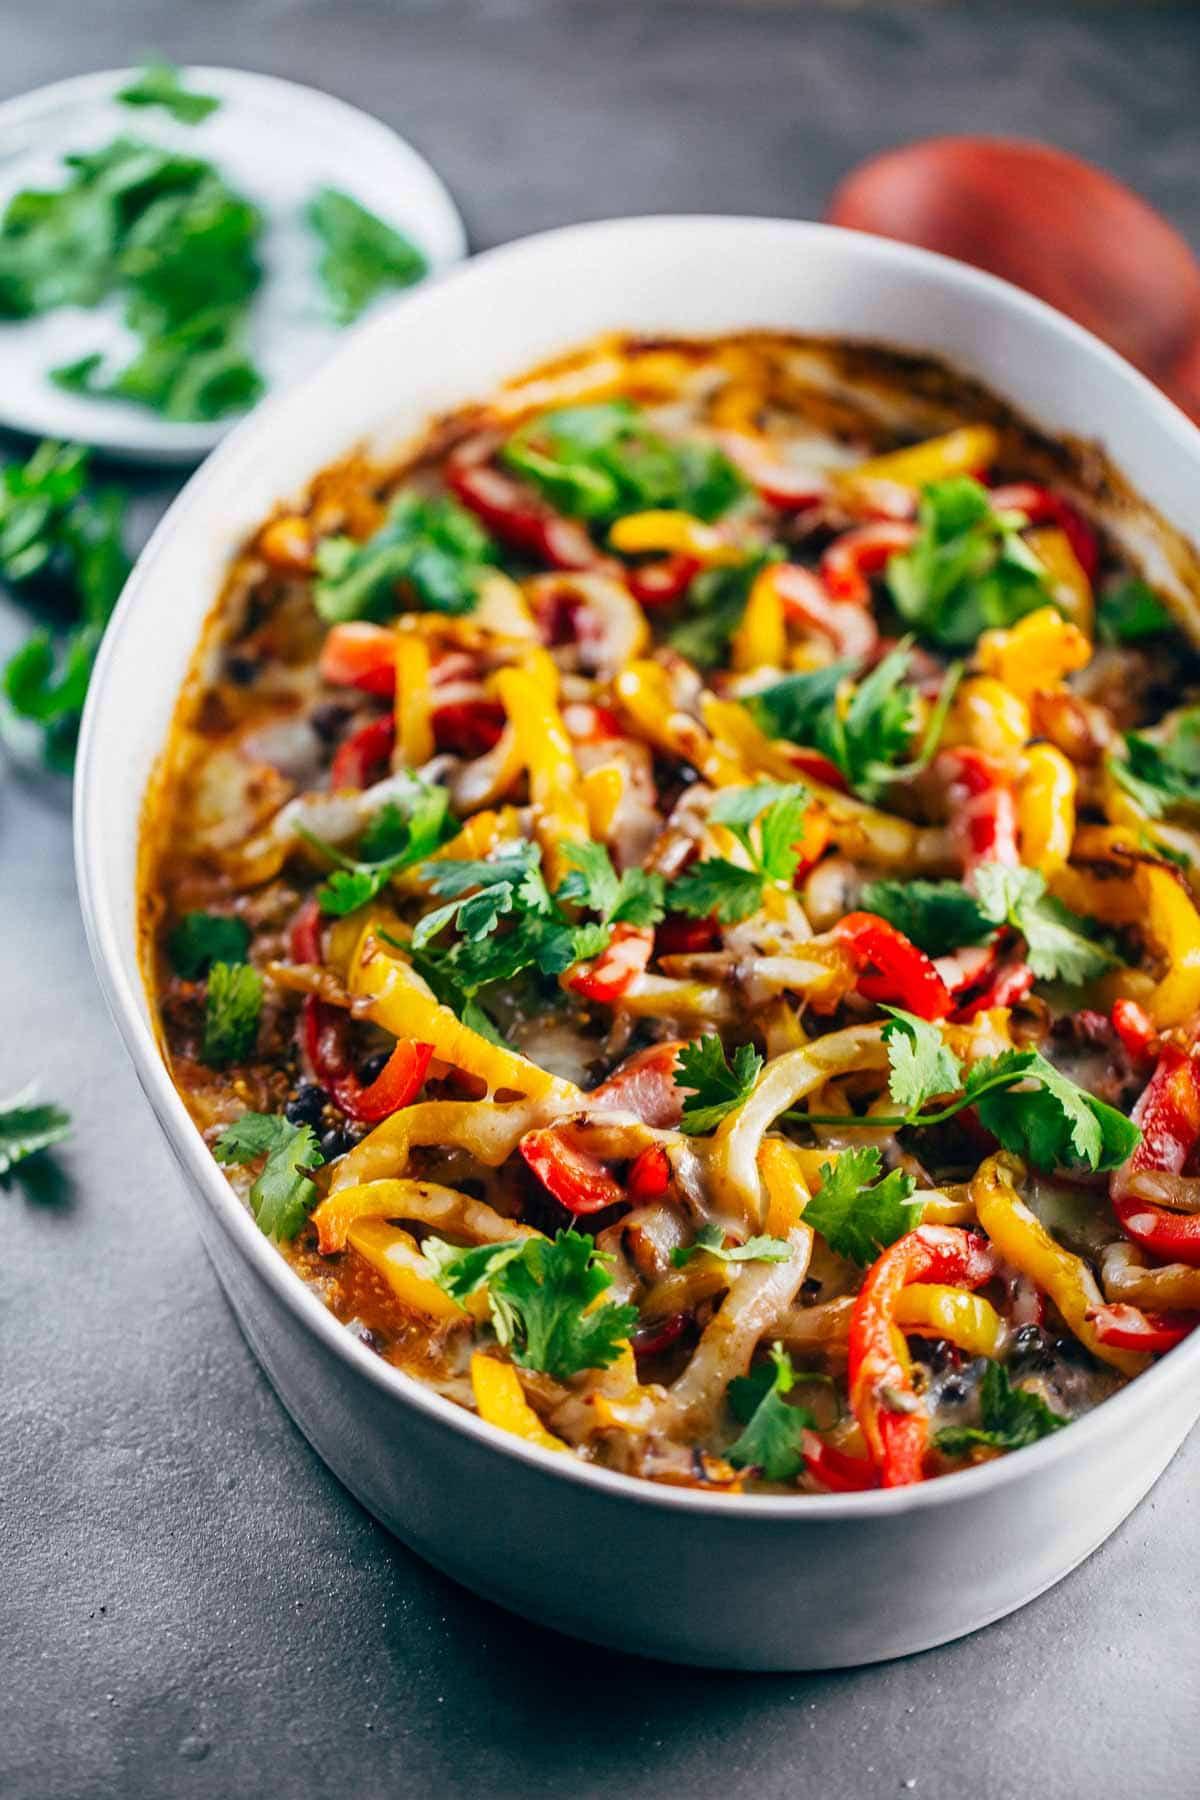 Healthy Chicken Casserole Dishes  Easy Mexican Chicken Quinoa Casserole Recipe Pinch of Yum
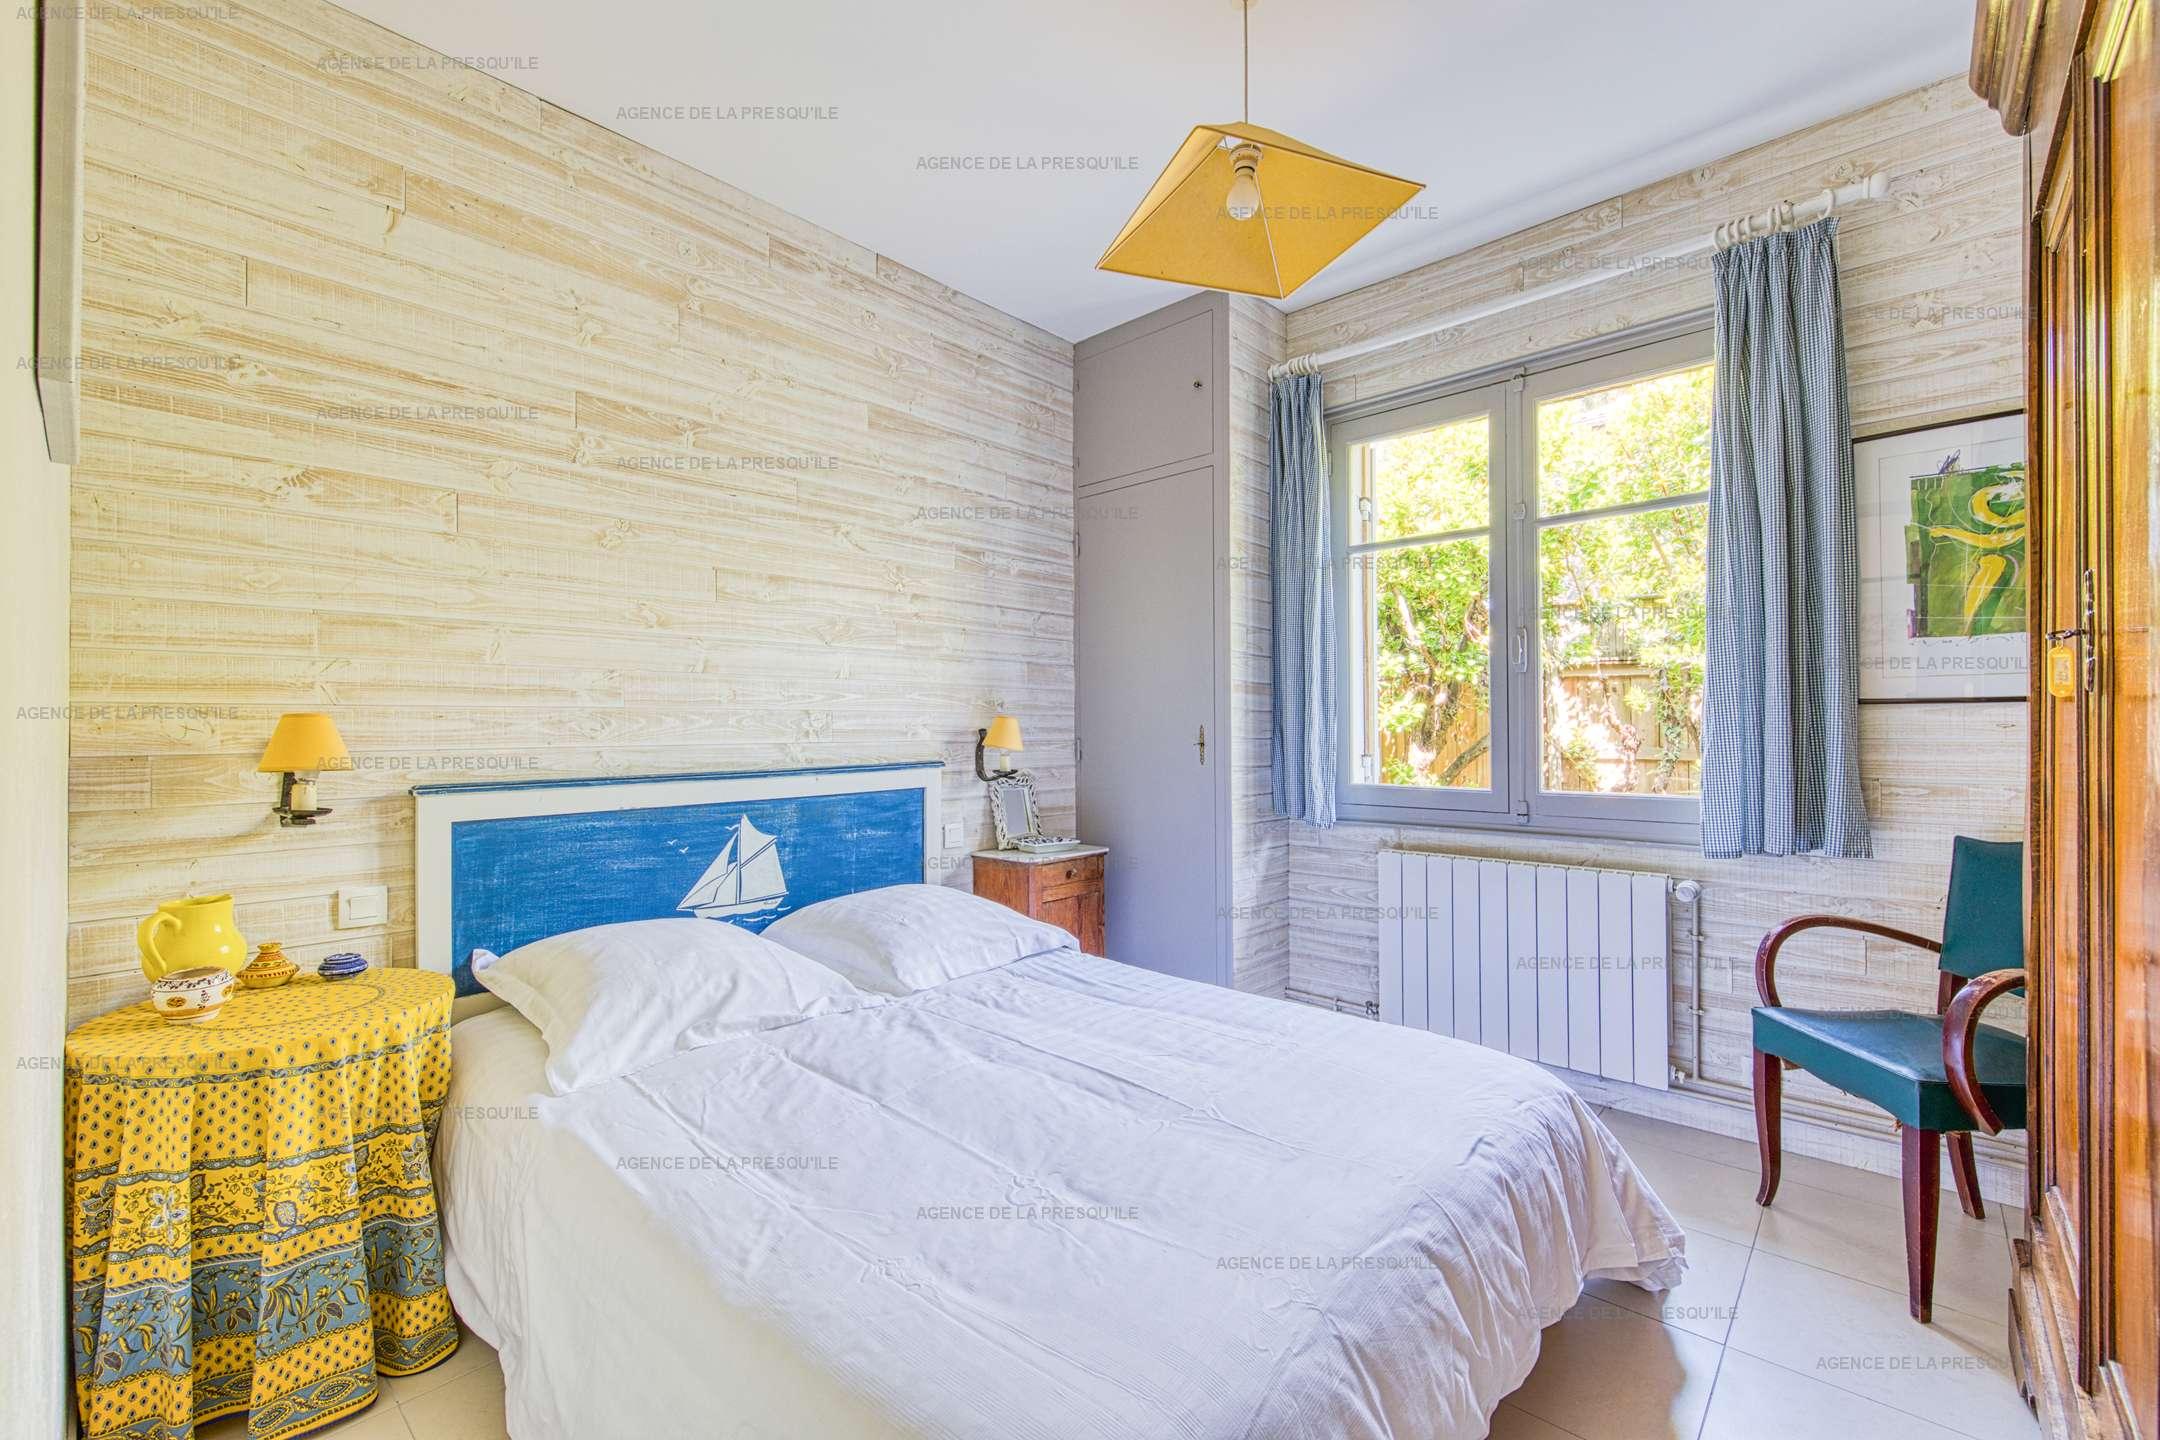 Location: Charmante villa avec piscine entre bassin et océan 10
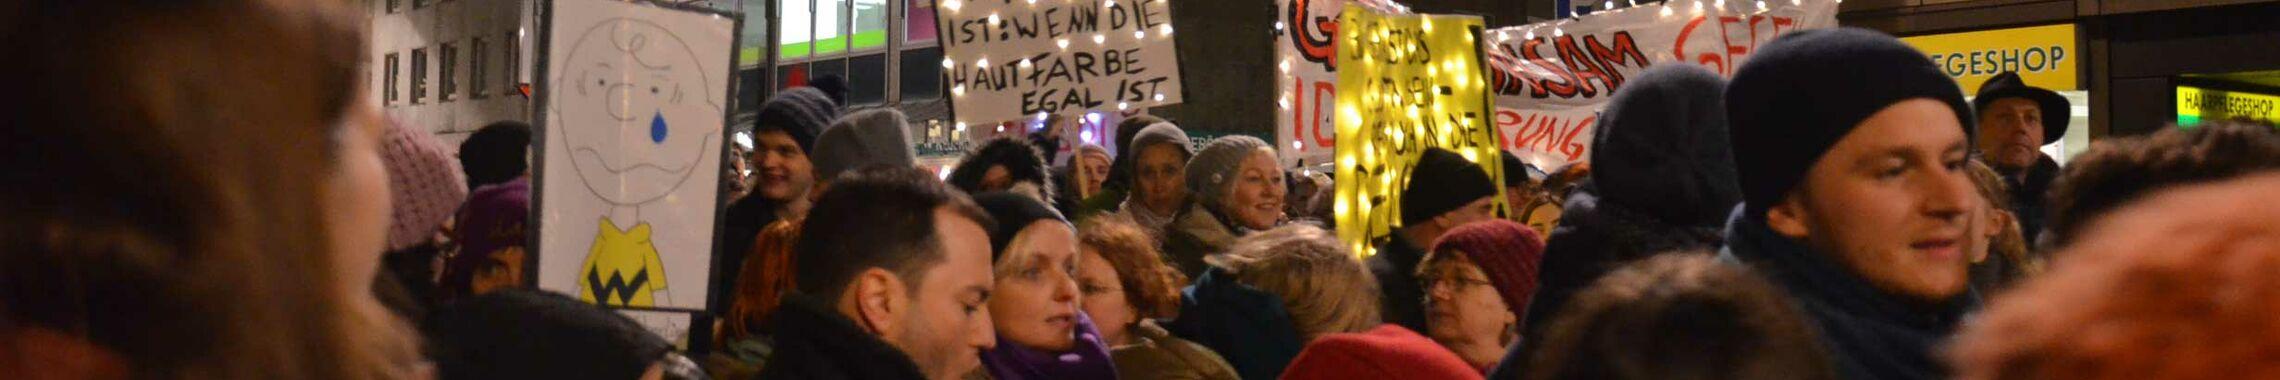 anti_hagida_schmal

| Requirement |
Everything in the listing above must be restated word for word, except the images.

| Solution below |
 Healthy Chicken Casserole Dishes  Easy Mexican Chicken Quinoa Casserole Recipe Pinch of Yum
 Location: Charmante villa avec piscine entre bassin et océan 10
 anti_hagida_schmal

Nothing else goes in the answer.